Printed fish citation certificates will no longer be mailed from DWR to the angler. Anglers now have the ability to view and print their fish citations from their Go Outdoors Virginia account at home.

Citations include:

  • Trophy Fish Awards: Certificates for registration of trophy-size fish
  • Expert Angler: To establish a standing as a lifetime “Expert,” anglers must document their fishing skills by landing and registering 10 trophy-size fish of the same species. The angler receives a species-specific patch and a certificate.
  • Master Angler: When an angler catches five trophy-size fish of different species, he/she is automatically recognized as a Master Angler I. There are five successive levels of Master Angler recognition. To ascend in rank the angler must catch five different trophy-size fish for each level of recognition.
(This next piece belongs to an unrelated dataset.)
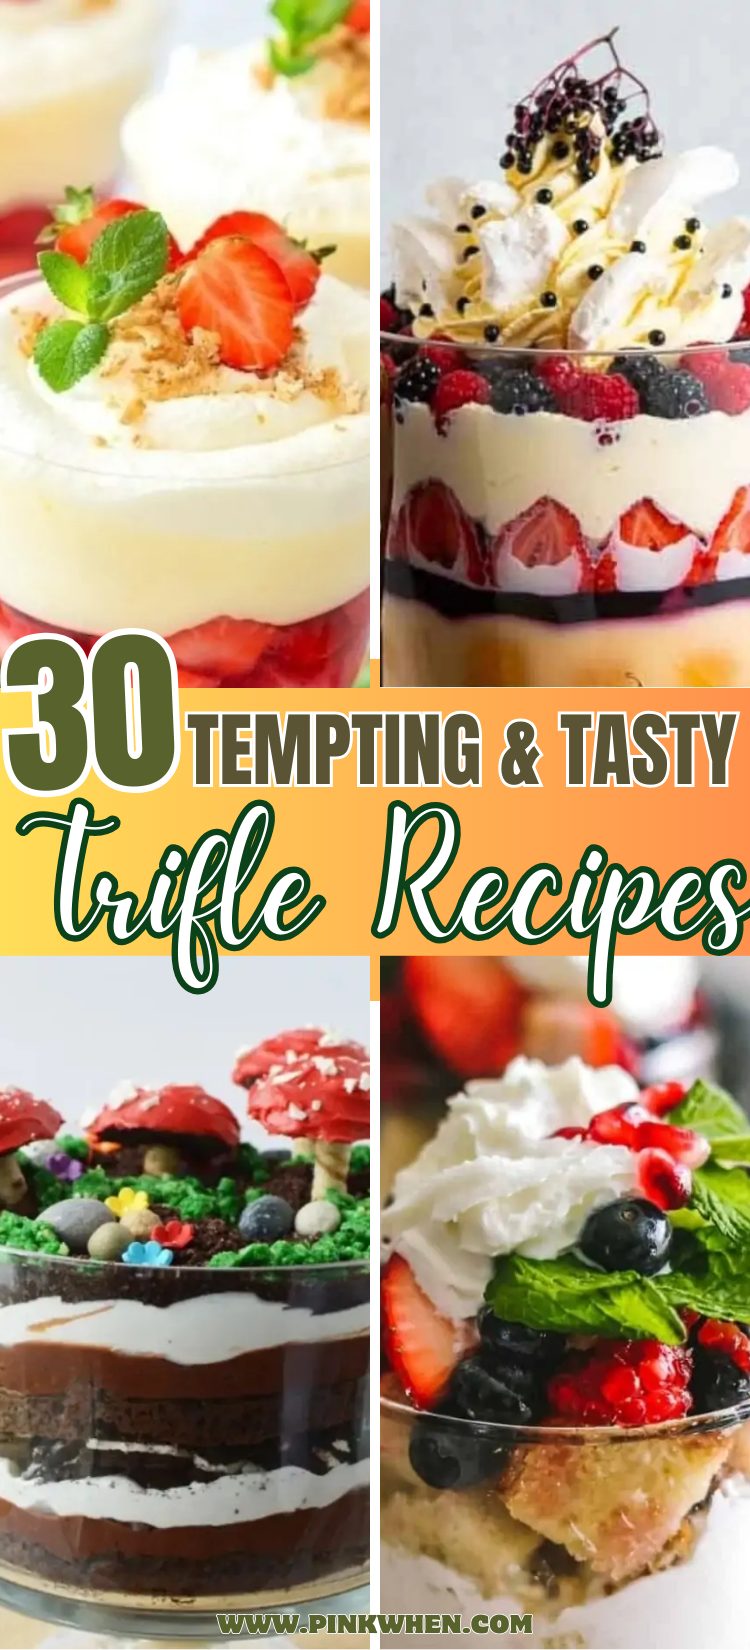 30 Tempting and Tasty Trifle Recipes for Any Occasion

At each level the angler will receive a different Master Angler certificate and patch.
    • Master Angler I = 5 trophy fish of different species
    • Master Angler II = 10 trophy fish of different species
    • Master Angler III = 15 trophy fish of different species
    • Master Angler IV = 20 trophy fish of different species
    • Master Angler V = 25 trophy fish of different species
    • Master Angler VI = 30 trophy fish of different species
  • Angler of the Month: Pins for registration of the largest trophy fish of each species, by certified weight, each month
  • Angler of the Year: Pins for registration of the largest trophy fish of each species, by certified weight, each year
  • Creel of the Year: Recognizes the angler who catches and registers the most trophy-sized fish from January 1 through December 31, annually
  • State Record Fish: Recognizes the largest (by weight) certified in-state catch of freshwater species

New species added to the Angler Recognition Program in 2020 include black crappie, white crappie, saugeye, fallfish, bluegill, redear sunfish, and other sunfish.

Information about the Angler Recognition Program, including the program rules, trophy fish size chart, and how to certify a trophy-size fish, can be found online.